Narcissism Looking Confused

Communication with a narcissist is beyond frustration. A narcissist is more interested in dominance than collaboration and your hopeful attempts usually come with the hefty price tag of emotional and mental health.

Letter writing and journaling provide outlets for the crazy you’ve experienced and help reclaim voice and self identity.

A proper letter does not ask anything of a narcissist for a narcissist only gives as means to assert power.

FOUR POINT TEMPLATE:  LOVE LETTER to THE NARCISSIST

  1. What you will no longer allow?  Example:  I no longer give compliance and silence as cover-up for your dysfunction.
  2. What you will give to your self?  Example:  I give myself permission to see the beauty in others. The days of cringing at your barrage of judgment upon others are gone.
  3. Explore voice and self identity – threats to a narcissist! Be impassioned and bold. Example:  I have mulched your dysfunction and used it as compost to bloom beauty and life.
  4. Affirm How does the experience fuel emotional and spiritual growth and motivate you to reclaim voice and authenticity? Example:  I congratulate my mind for persevering and searching for answers. And for ultimately serving my heart’s desire for freedom and love.

Your words can serve as a Love Letter to your Authentic Self.  This real you is what a narcissist most fears.

I didn’t send my letter and I don’t recommend you do either.  The reclaiming of your voice and self worth are now more important than the crazy-making of trying to get a narcissist to hear you.

My letter is written in support of all who have experienced narcissistic abuse. Please share your thoughts in the comments below.

A PROPER LOVE LETTER for THE NARCISSIST

Dear N,

Over many years, I became familiar with your contradictory language, your avoiding glance and dower stare.  Your narcissistic diatribe was crazy-making and toxic. My dear brain was traumatised.

Years later, here is what I wish to share:

After enduring self-hatred and shame so profound that I literally threw-up for eights years, I am now whole. At last, I’ve woven together the once splintered parts of my self you wryly celebrated amid their disarray.

I’ve triumphed over your petty judgments and self-righteous dictates.

With haughty conviction, you tried to undermine my voice, my lovability, my happiness and self-esteem.  I lived.

Much to your ever-mocking chagrin, my life didn’t fall apart when I went limited contact.
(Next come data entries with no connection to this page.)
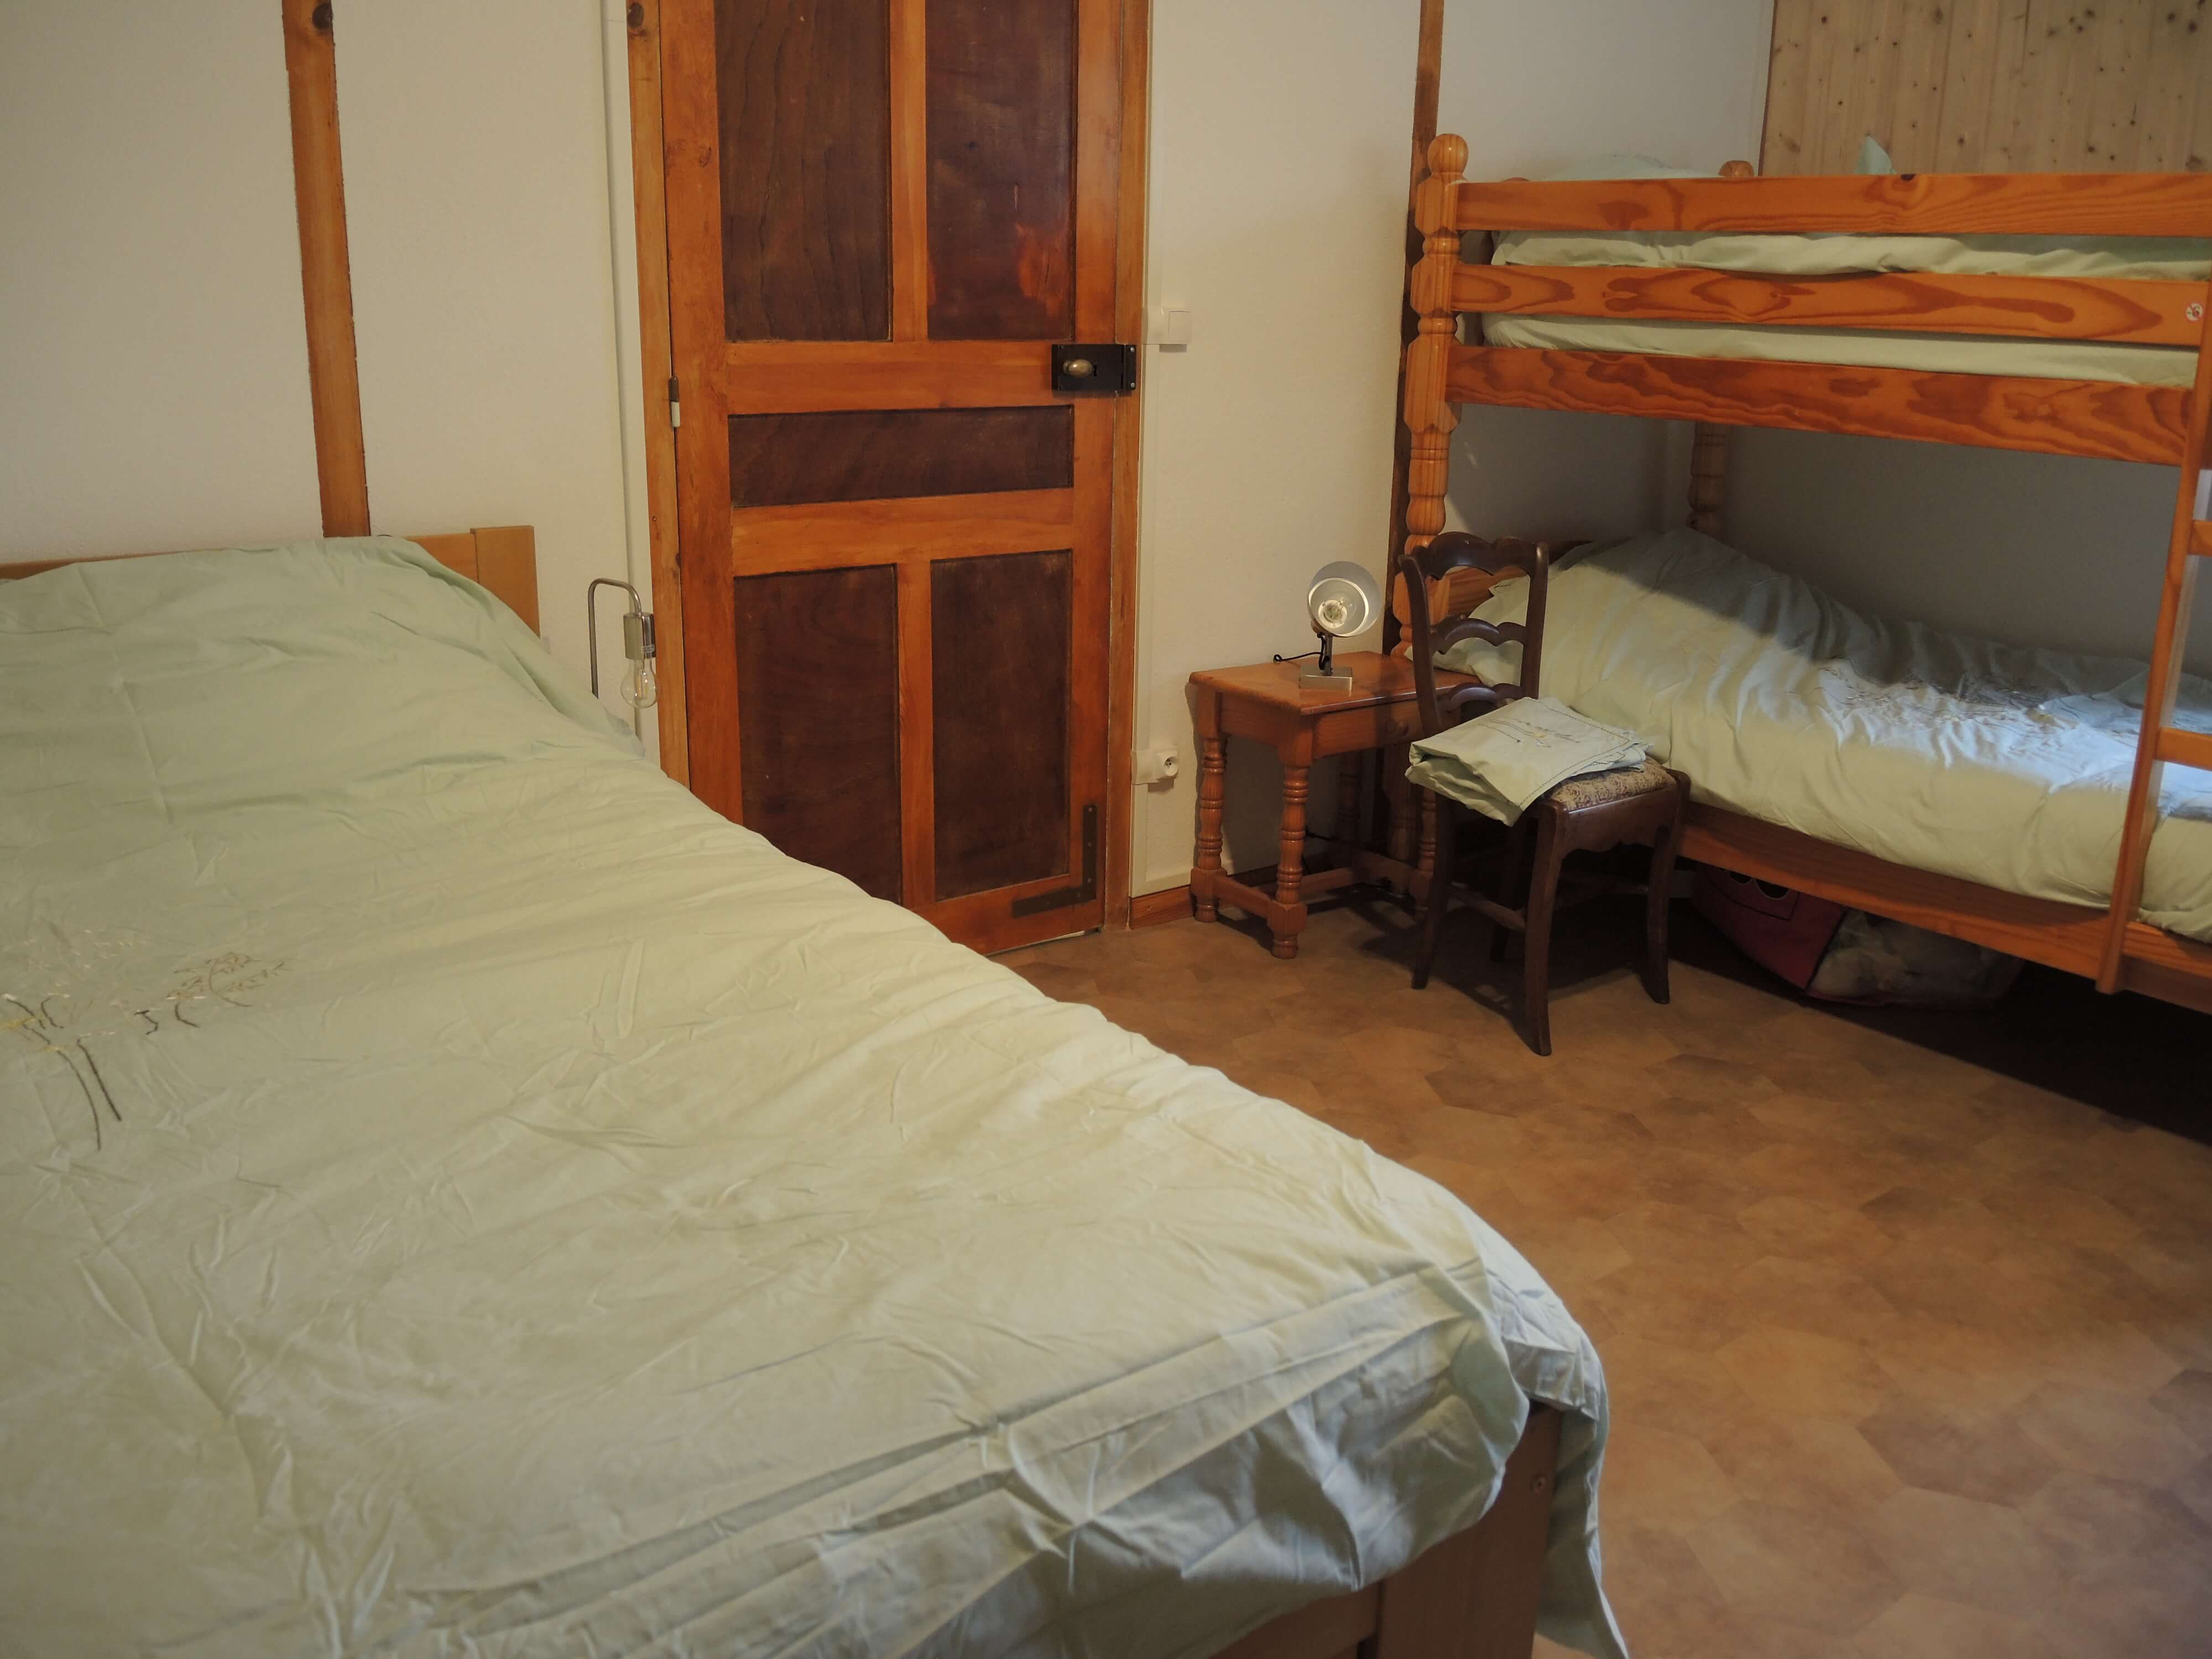 La troisième chambre contient un lit 2 places, ainsi qu'un double lit superposé.
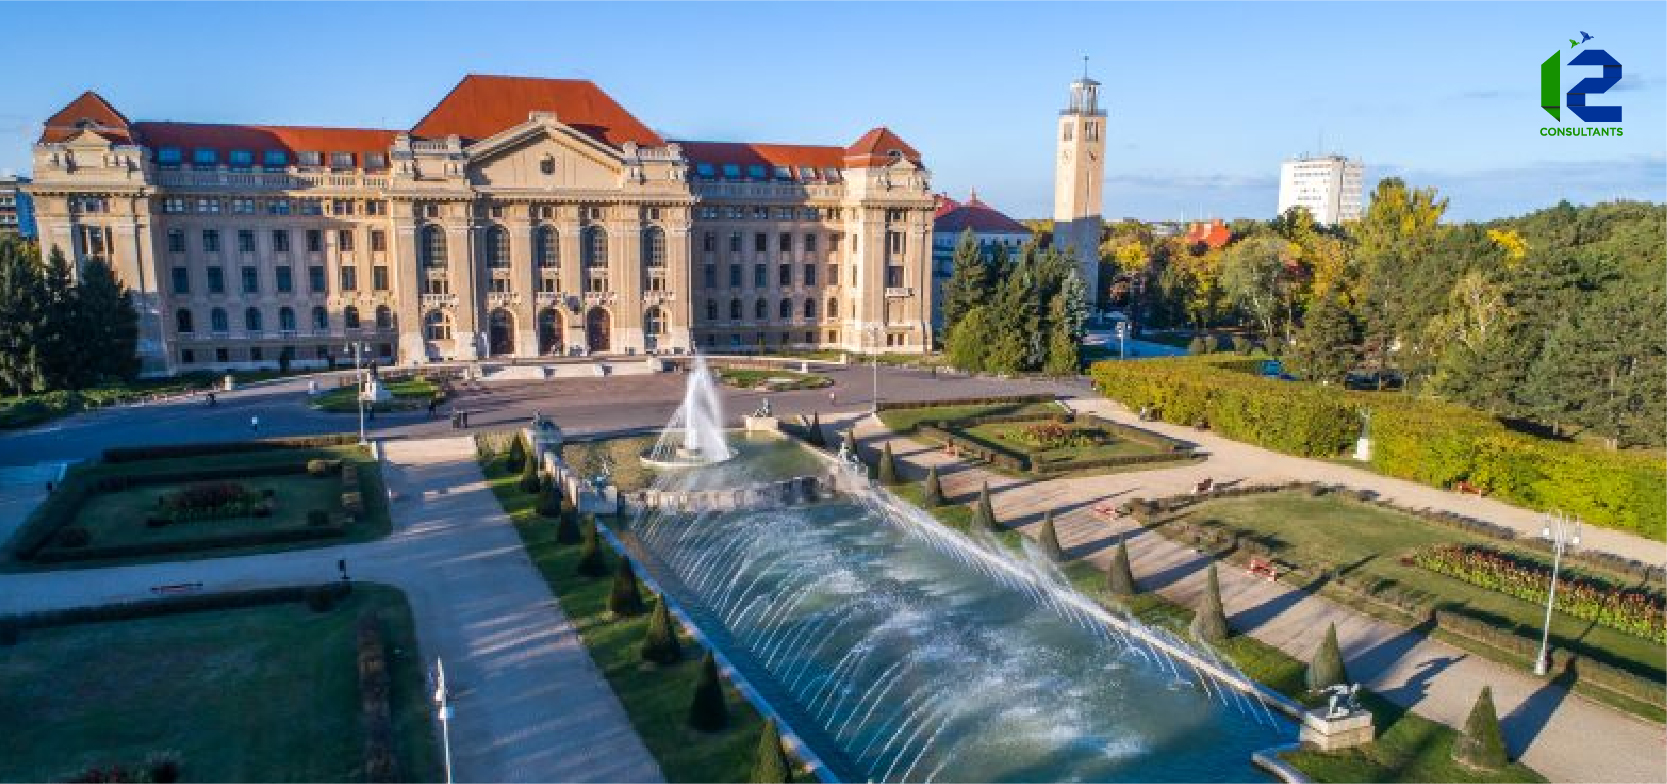 University of Debrecen
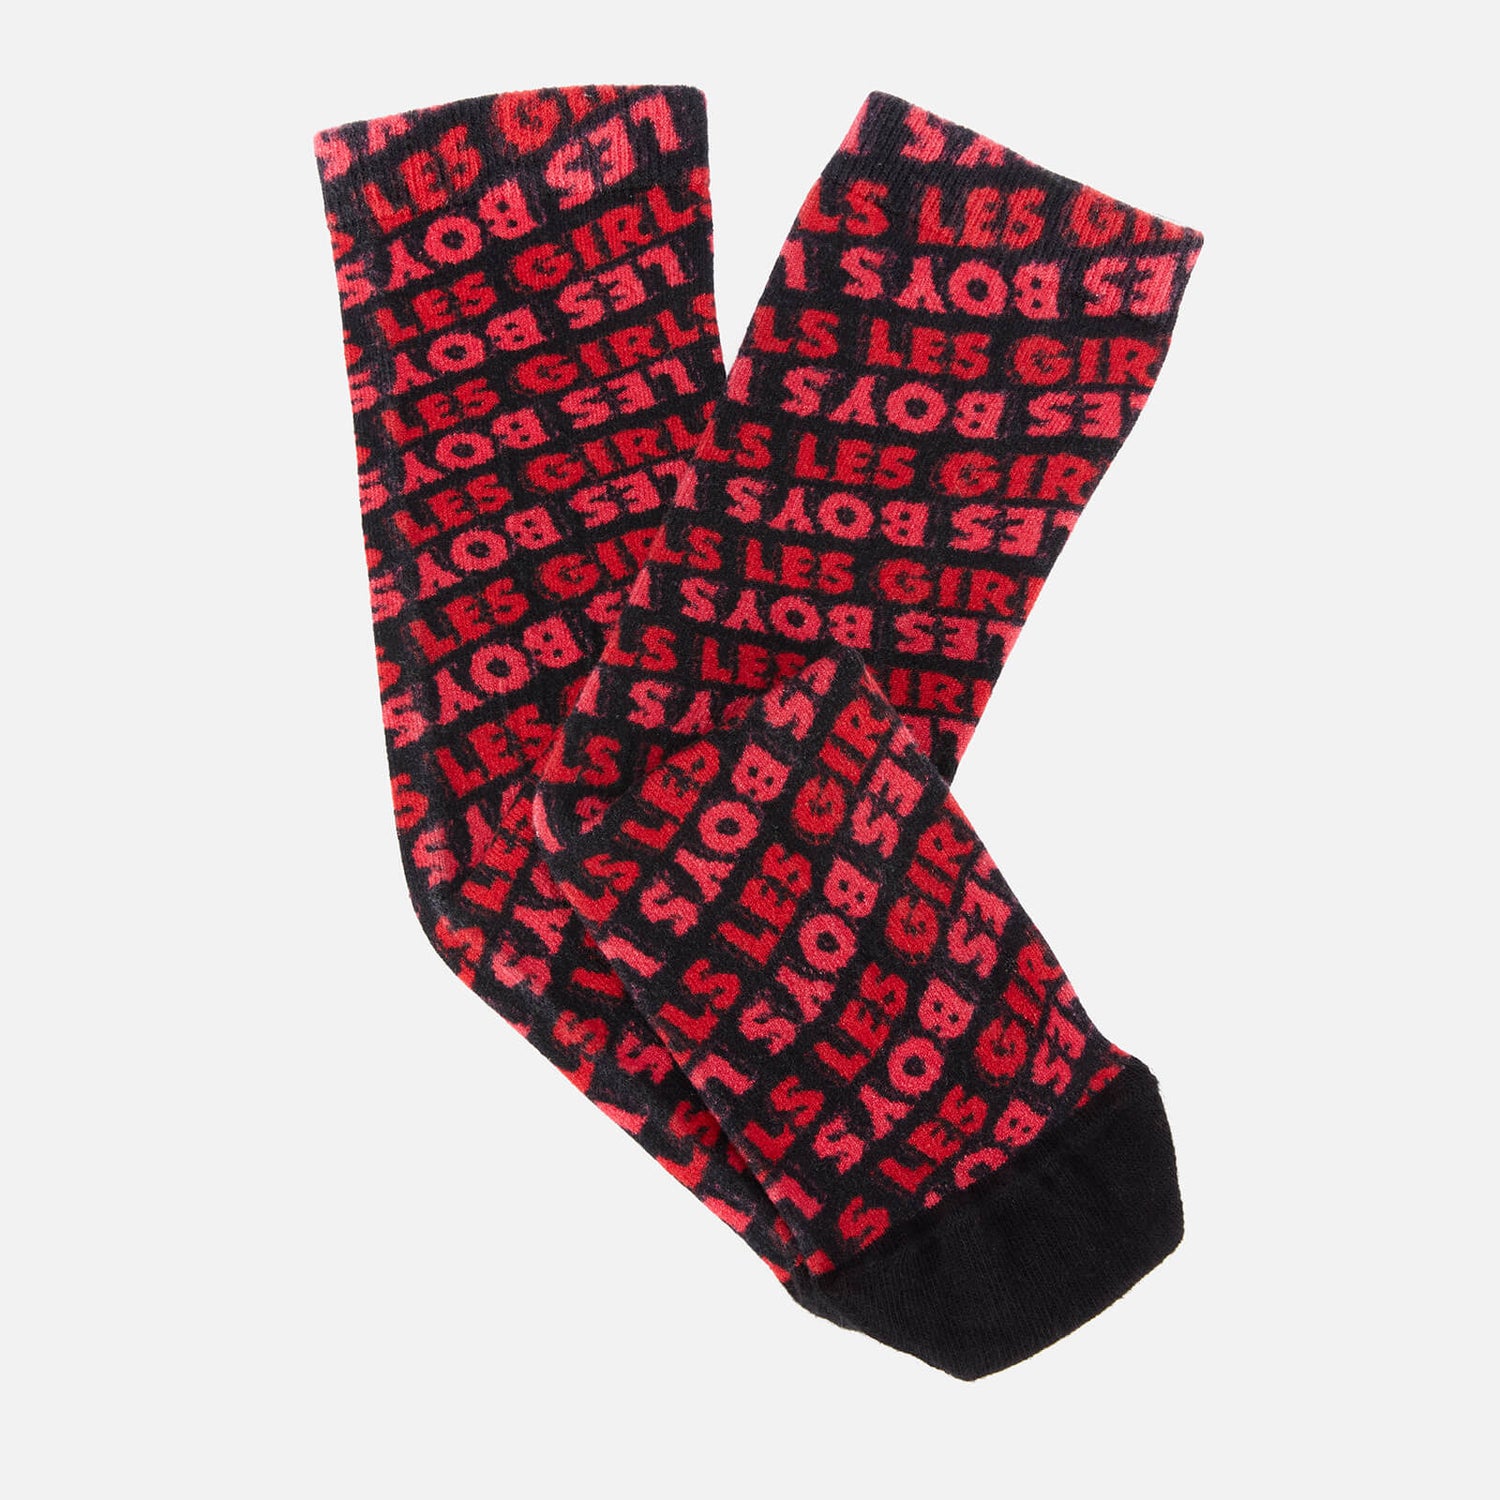 Les Girls Les Boys Women's Lglb Allover Fuzzy Print Socks - Red

Inevitably, no contact.

After you, my life began an upward ascent to clarity. I now breathe fully with all of my lungs–not just the top one-third.

Hand with a Heart for Mental HealthUpon reclamation of my voice, I determine what I am willing to give and not to give.

I no longer give you my indecisiveness, my uncertainly, power over my opinion, overriding superiority, upset of my feelings, a demand to be honored, nor, control over time. I no longer extend to you a desire to be loved or nourished. I no longer yearn for empathy or co-creativity or a real conversation, a heart-to-heart.

I remove the narcissistic supply you fed upon when watching your youngest child self-comfort by incessantly rocking back-and-forth in the car and rocking in bed until she fell asleep. When sleeping outside your bedroom door in fear of not being good enough to save if the house burned down at night.

I no longer give you anger for killing my animal friends. I turned to them for comfort. They kept me alive inside so I could breathe from the channel that serves as pathway home to love.

I no longer give you my hyper-vigilant state, a distraught central nervous system and overworked adrenals. I no longer allow you to disrespect me, emotionally abuse me nor deny your words and make me wrong.

I no longer give you narcissistic satisfaction by holding the residue of depression.

I no longer give compliance and silence as cover-up of your dysfunction.

I no longer give disdain at your stoic inability to really see me. You missed out. You had a daughter who is generous of heart and beneficent of spirit.

I do not give you an opportunity to yet again stab my heart. Even as death hovers and the golden child awaits conveyance of financial kingdom.

I now give on my terms.

I now think clearly. I am discerning. My left and right brain are harmonious. I have focus, inner knowing, truth in voice.

I am assertive.

At long last, I have healthy self-confidence and the inner knowing that I do contribute to my dear world.

I give myself permission to see the beauty in others. The days of cringing at your barrage of judgment upon others, to bolster feigned superiority, are gone.

I have mulched your dysfunction and used it as compost to bloom beauty and life.

I give authenticity and sincerity.

I give humility toward Spirit.

I give my body healthy foods and loving inner voice.  The harsh inner critic is absorbed.

I give my heart honor for carrying me through confusion and lighting the path home.

I congratulate my mind for persevering and searching for answers. And for ultimately serving my heart’s desire for freedom.

I give myself permission for disapproval.

I celebrate all who move from darkness to light.

I cherish my heart, the carrier of light. To that end, my narcissist, I give you a wide berth.

With triumph of spirit,

Karuna

Narcissism PortraitKaruna specializes in healing from early trauma and Complex PTSD. She has an intuitive ability to read energy and she focuses on your emerging consciousness during all sessions. Book today at hubfortheheart@gmail.com

 

Download Today!  10 Qualities of a Powerful Mind, Karuna’s online meditation programme designed for healing and emotional wellbeing.

 

19 thoughts on “A Proper Love Letter for the Narcissist”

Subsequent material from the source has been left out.